Diagram showing SIA self-improving AI agent updating both scaffold and model weights through a feedback loop
SIA introduces a new generation of self-improving AI agents capable of autonomously updating both their operational scaffold and model weights.

Most AI agents stop learning the moment a human stops tuning them. SIA — the open-source self-improving AI agent released by Hexo Labs in May 2026 — changes that by editing both its own operational scaffold and its model weights inside a single autonomous loop, consistently outperforming scaffold-only approaches across every benchmark it was tested on.

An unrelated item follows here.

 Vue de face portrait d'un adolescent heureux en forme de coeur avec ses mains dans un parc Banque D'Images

If you’re building or evaluating autonomous AI systems, this framework represents a meaningful architectural shift worth understanding in detail.


What Is a Self-Improving AI Agent?

Definition: A self-improving AI agent is an autonomous system capable of modifying its own code, configuration, or model parameters based on feedback from its own task performance — without requiring external human intervention to initiate each update.

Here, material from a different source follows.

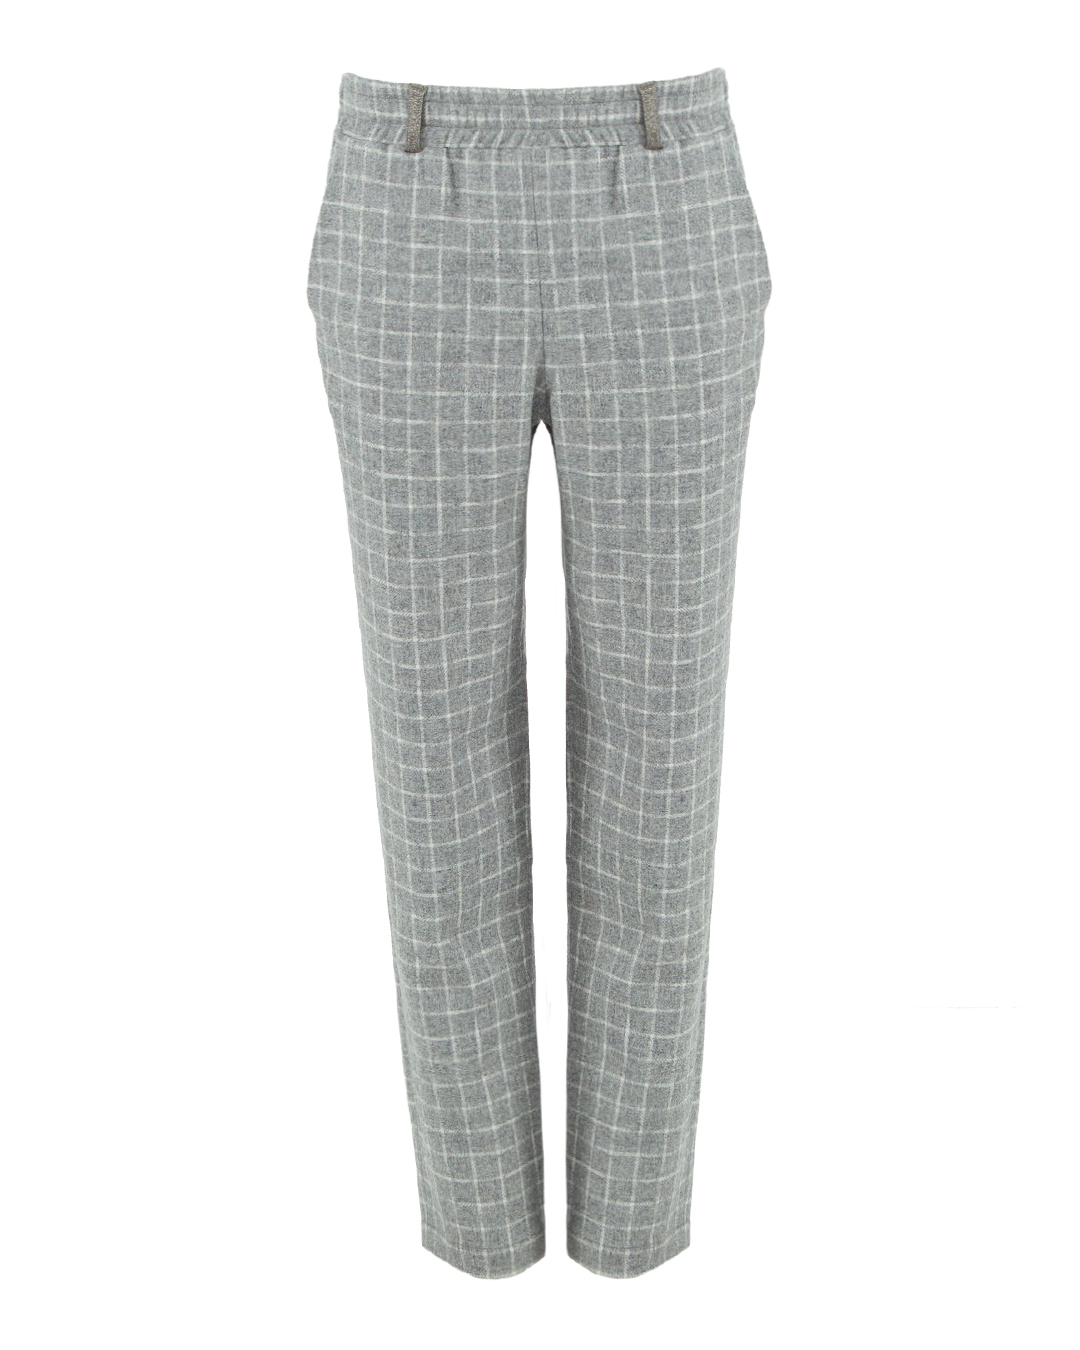 шерстяные брюки MAX&MOI H23BUSH серый+принт 36, размер 36, цвет серый+принт

Most current systems improve along only one axis. A prompt-engineering pipeline rewrites system instructions but leaves the model weights frozen. A test-time training pipeline fine-tunes weights but treats the scaffold as static. A genuine self-improving AI agent can move both levers.

SIA is the first publicly documented system to do this inside one closed feedback loop. After each task run, a dedicated Feedback-Agent reads the full execution trajectory and decides whether to rewrite the scaffold, trigger a weight update via LoRA, or both — in whatever sequence the reward signal suggests is most useful.


How SIA Works: The Two-Lever Architecture

SIA divides a task-specific agent into two separable components that can each be updated independently.

The Harness (Scaffold)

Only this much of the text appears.